*Task requirements*:
Among the entries that follow, the required portion opens with the line containing "Cochoa brown leather" and closes with the line containing "Men's Ledro Shorts". Give that portion again exactly, and nothing else.

*Records provided*:
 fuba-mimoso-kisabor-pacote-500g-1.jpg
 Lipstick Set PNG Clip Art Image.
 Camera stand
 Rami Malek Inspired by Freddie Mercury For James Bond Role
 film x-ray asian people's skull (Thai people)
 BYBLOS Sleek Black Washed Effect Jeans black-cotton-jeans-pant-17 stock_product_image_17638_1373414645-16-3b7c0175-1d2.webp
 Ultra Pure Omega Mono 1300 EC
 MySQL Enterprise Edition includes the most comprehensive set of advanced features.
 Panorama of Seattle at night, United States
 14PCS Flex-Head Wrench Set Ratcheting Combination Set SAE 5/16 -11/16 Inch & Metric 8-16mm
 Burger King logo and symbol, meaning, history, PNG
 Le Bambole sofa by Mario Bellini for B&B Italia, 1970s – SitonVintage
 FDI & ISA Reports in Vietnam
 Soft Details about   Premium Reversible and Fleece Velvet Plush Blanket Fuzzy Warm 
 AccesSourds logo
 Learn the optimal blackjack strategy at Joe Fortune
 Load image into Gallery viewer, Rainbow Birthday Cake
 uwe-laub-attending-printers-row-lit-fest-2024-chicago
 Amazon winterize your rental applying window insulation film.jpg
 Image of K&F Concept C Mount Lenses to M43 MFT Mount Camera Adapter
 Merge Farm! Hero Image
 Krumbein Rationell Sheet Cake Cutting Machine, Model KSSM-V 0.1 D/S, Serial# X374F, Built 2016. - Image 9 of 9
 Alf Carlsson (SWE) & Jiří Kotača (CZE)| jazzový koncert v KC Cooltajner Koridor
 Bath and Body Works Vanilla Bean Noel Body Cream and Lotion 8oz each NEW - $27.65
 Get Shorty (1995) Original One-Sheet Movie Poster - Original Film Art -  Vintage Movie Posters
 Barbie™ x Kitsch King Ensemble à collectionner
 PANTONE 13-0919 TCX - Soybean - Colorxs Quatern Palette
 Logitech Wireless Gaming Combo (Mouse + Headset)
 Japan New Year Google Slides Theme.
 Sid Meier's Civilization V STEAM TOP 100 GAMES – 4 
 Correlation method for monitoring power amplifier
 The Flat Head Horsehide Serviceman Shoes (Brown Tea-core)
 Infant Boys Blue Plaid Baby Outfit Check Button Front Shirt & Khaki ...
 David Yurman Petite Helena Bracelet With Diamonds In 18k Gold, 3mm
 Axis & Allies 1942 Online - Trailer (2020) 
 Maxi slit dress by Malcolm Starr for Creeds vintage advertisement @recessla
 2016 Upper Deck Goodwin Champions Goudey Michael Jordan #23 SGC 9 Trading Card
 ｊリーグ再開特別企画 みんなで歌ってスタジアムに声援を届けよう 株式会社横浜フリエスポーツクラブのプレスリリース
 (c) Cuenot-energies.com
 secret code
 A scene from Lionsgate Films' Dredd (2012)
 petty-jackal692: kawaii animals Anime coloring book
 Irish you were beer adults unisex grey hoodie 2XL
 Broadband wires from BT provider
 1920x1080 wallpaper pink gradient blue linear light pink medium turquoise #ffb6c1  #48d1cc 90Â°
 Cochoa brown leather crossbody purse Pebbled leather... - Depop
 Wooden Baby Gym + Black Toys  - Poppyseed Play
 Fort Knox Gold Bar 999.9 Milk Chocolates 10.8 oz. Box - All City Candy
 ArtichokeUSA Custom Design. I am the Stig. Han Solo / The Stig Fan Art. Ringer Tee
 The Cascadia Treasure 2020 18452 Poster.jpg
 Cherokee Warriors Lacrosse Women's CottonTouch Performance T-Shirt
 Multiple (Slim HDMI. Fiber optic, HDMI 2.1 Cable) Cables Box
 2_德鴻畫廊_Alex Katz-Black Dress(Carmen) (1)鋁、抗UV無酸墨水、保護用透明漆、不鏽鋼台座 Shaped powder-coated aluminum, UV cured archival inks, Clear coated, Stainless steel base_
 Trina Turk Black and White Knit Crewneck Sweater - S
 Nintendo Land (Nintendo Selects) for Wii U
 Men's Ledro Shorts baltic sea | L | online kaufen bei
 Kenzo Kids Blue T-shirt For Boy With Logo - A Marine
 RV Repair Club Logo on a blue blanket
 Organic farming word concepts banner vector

*Response area*:
 Cochoa brown leather crossbody purse Pebbled leather... - Depop
 Wooden Baby Gym + Black Toys  - Poppyseed Play
 Fort Knox Gold Bar 999.9 Milk Chocolates 10.8 oz. Box - All City Candy
 ArtichokeUSA Custom Design. I am the Stig. Han Solo / The Stig Fan Art. Ringer Tee
 The Cascadia Treasure 2020 18452 Poster.jpg
 Cherokee Warriors Lacrosse Women's CottonTouch Performance T-Shirt
 Multiple (Slim HDMI. Fiber optic, HDMI 2.1 Cable) Cables Box
 2_德鴻畫廊_Alex Katz-Black Dress(Carmen) (1)鋁、抗UV無酸墨水、保護用透明漆、不鏽鋼台座 Shaped powder-coated aluminum, UV cured archival inks, Clear coated, Stainless steel base_
 Trina Turk Black and White Knit Crewneck Sweater - S
 Nintendo Land (Nintendo Selects) for Wii U
 Men's Ledro Shorts baltic sea | L | online kaufen bei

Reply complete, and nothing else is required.